Source data section start

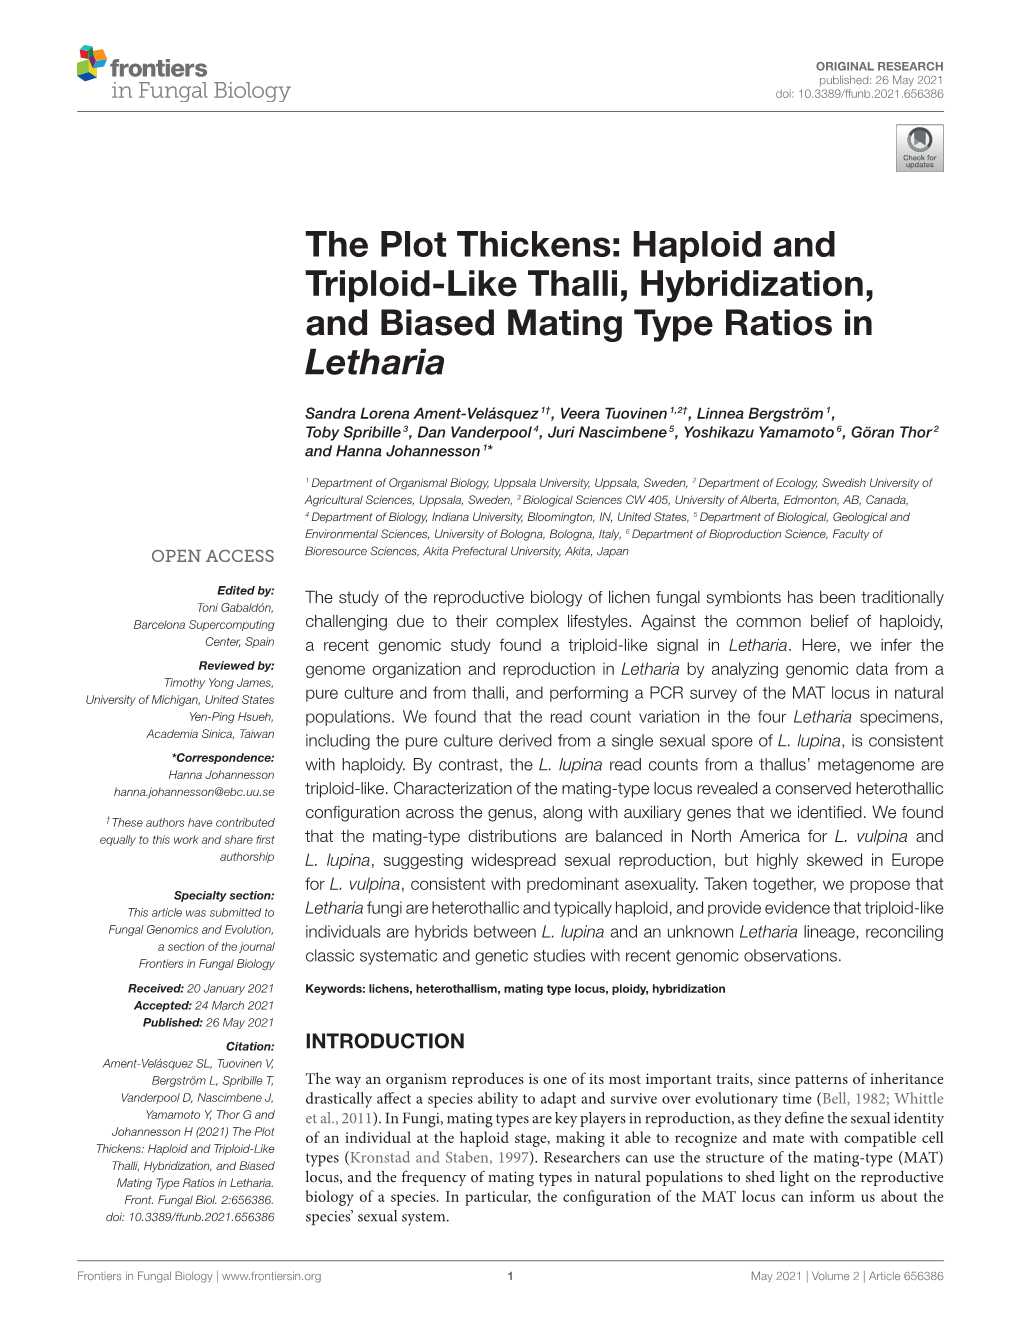 Haploid and Triploid-Like Thalli, Hybridization, and Biased Mating Type Ratios in Letharia
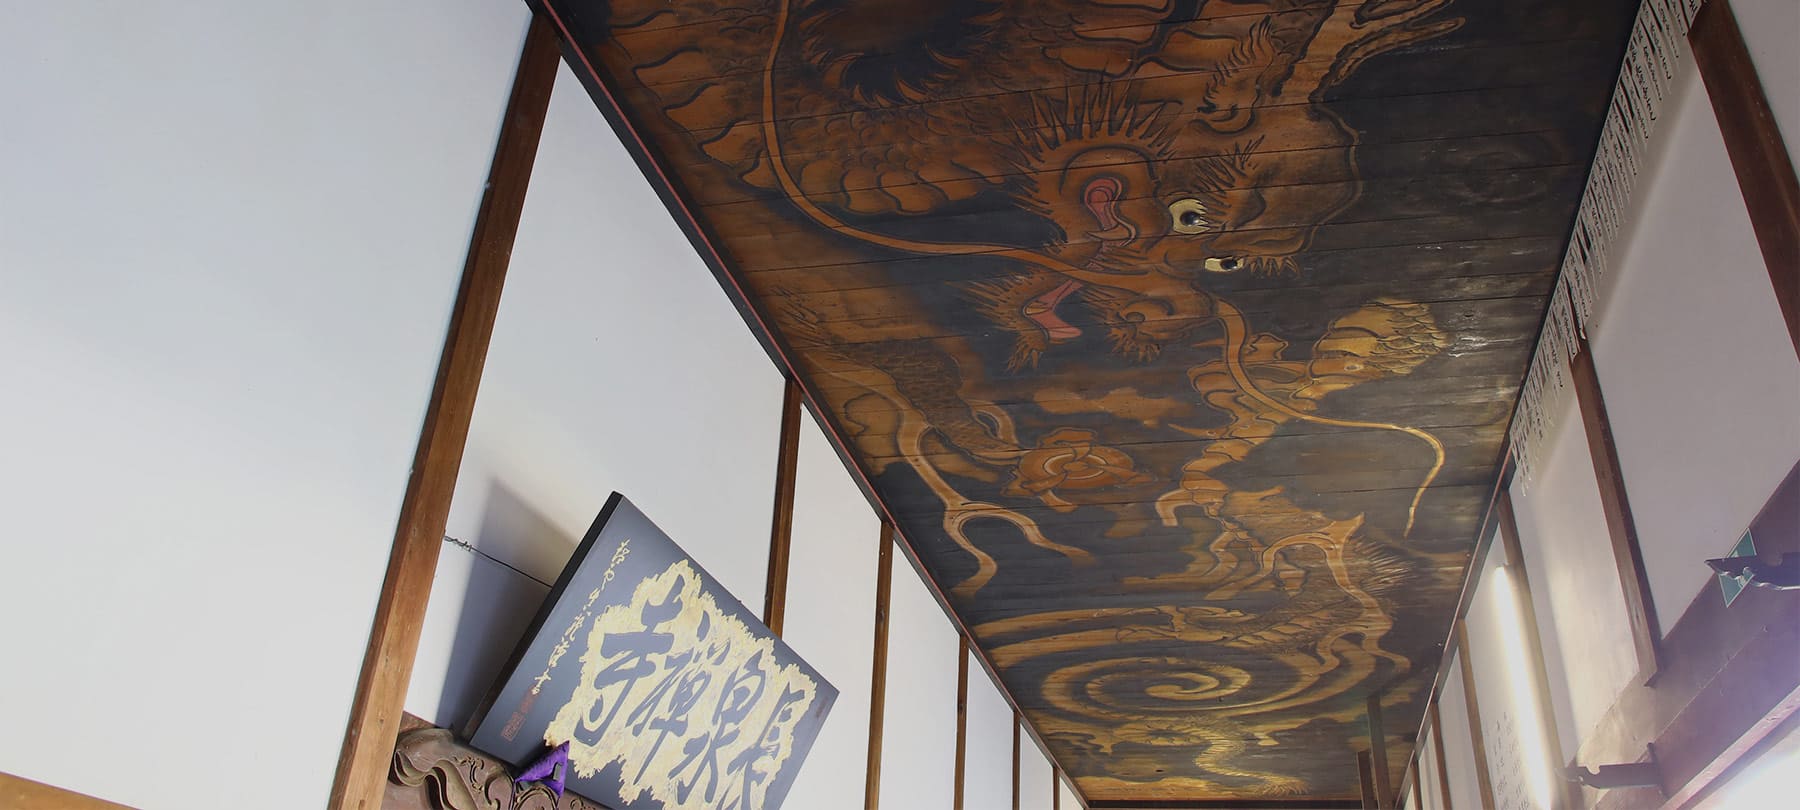 Dragon's large ceiling painting
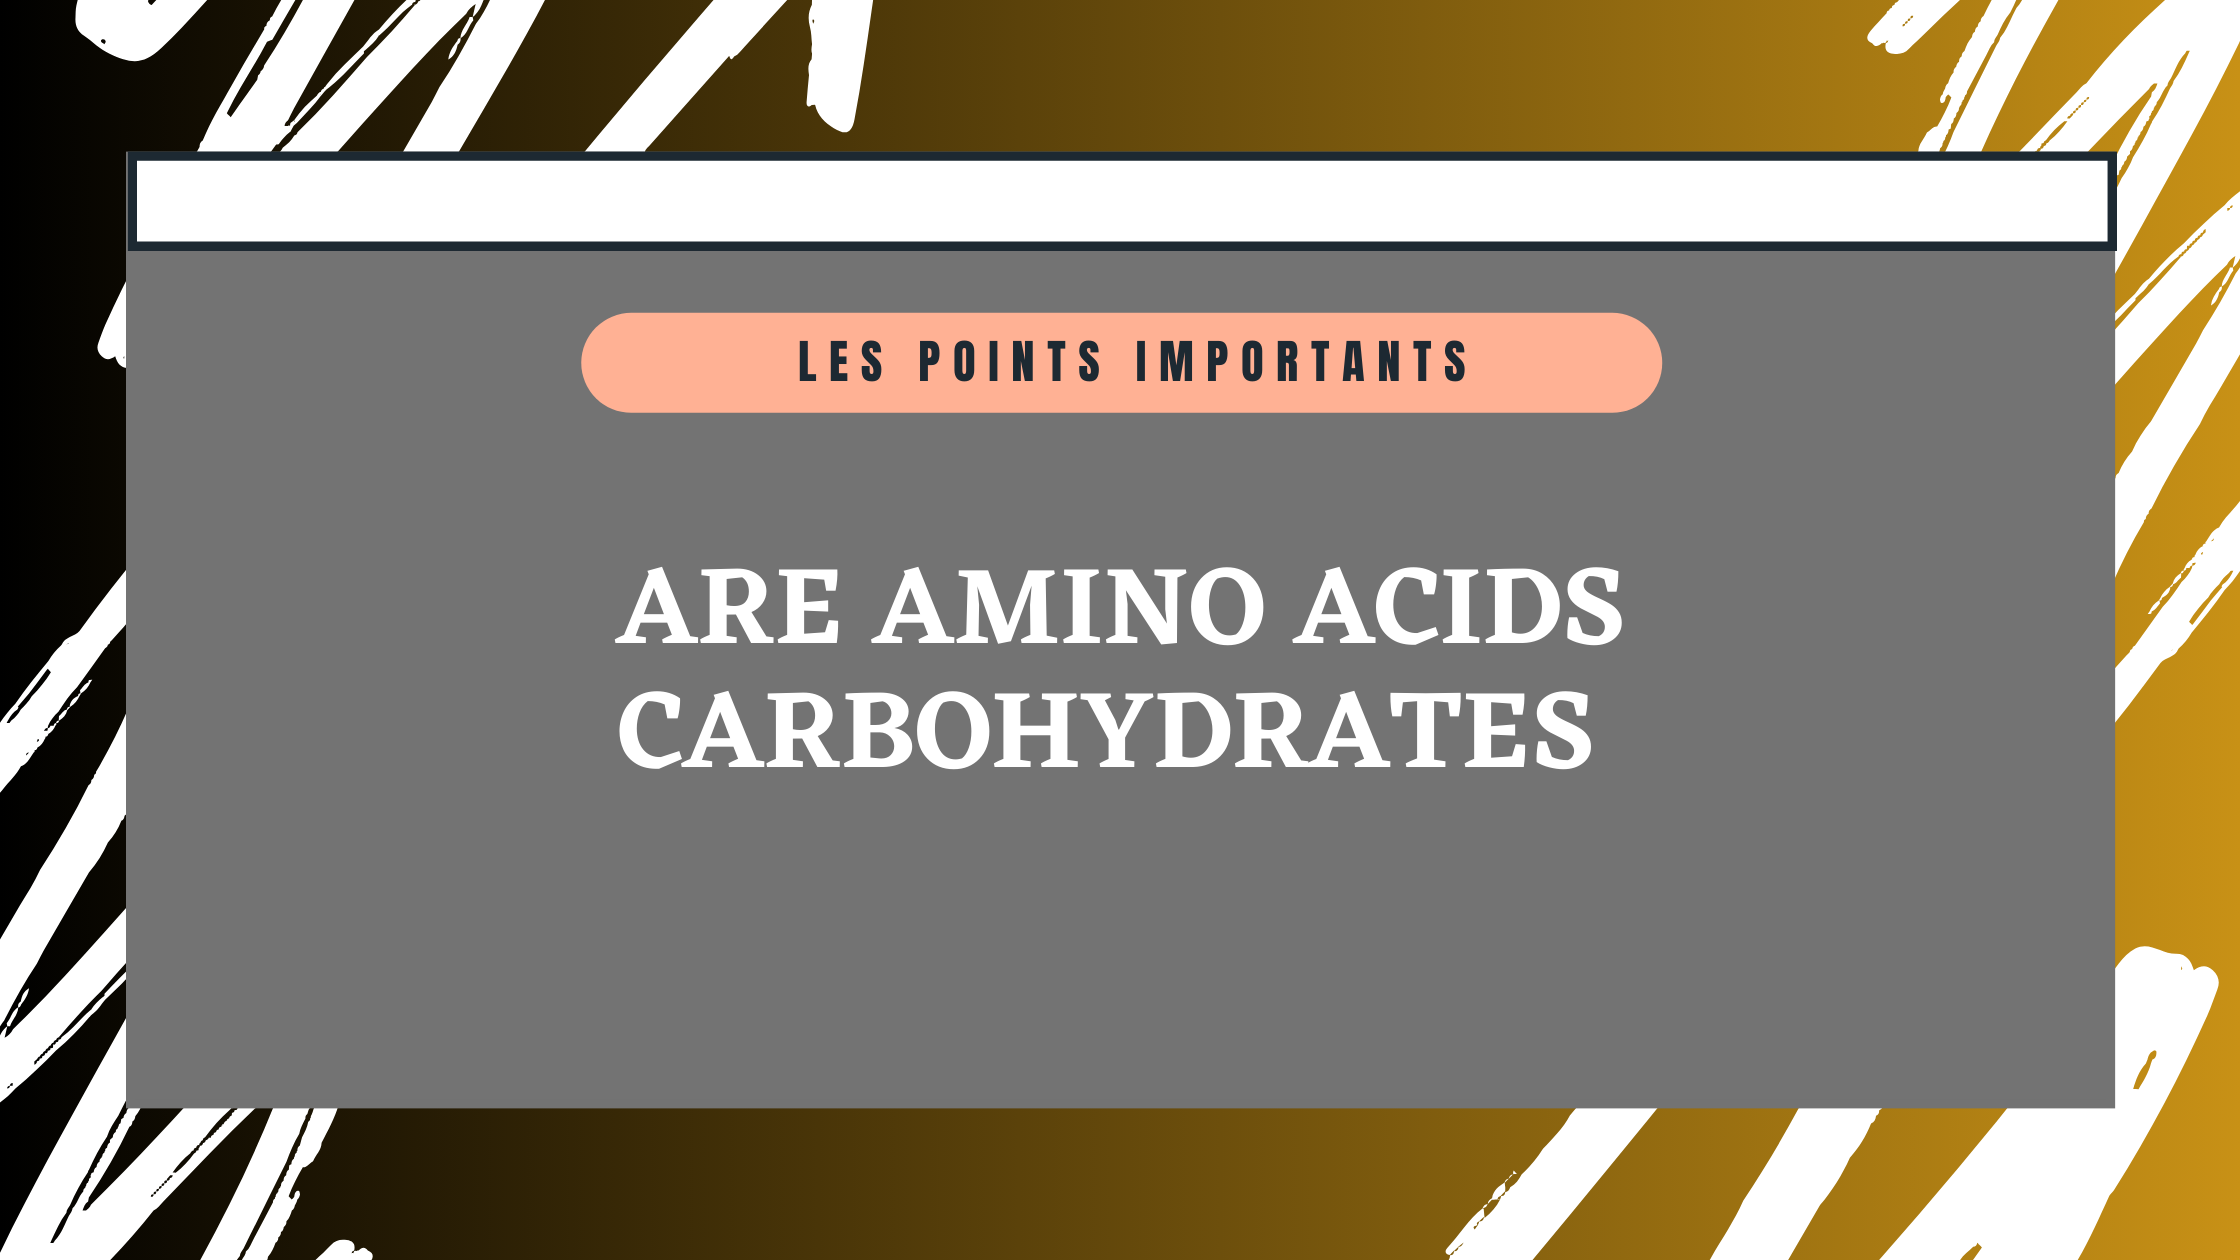 are amino acids carbohydrates | Les points importants

Source data section end

Aim of the task
Output all data exactly, omitting images.

Task answer
 Haploid and Triploid-Like Thalli, Hybridization, and Biased Mating Type Ratios in Letharia
 Dragon's large ceiling painting
 are amino acids carbohydrates | Les points importants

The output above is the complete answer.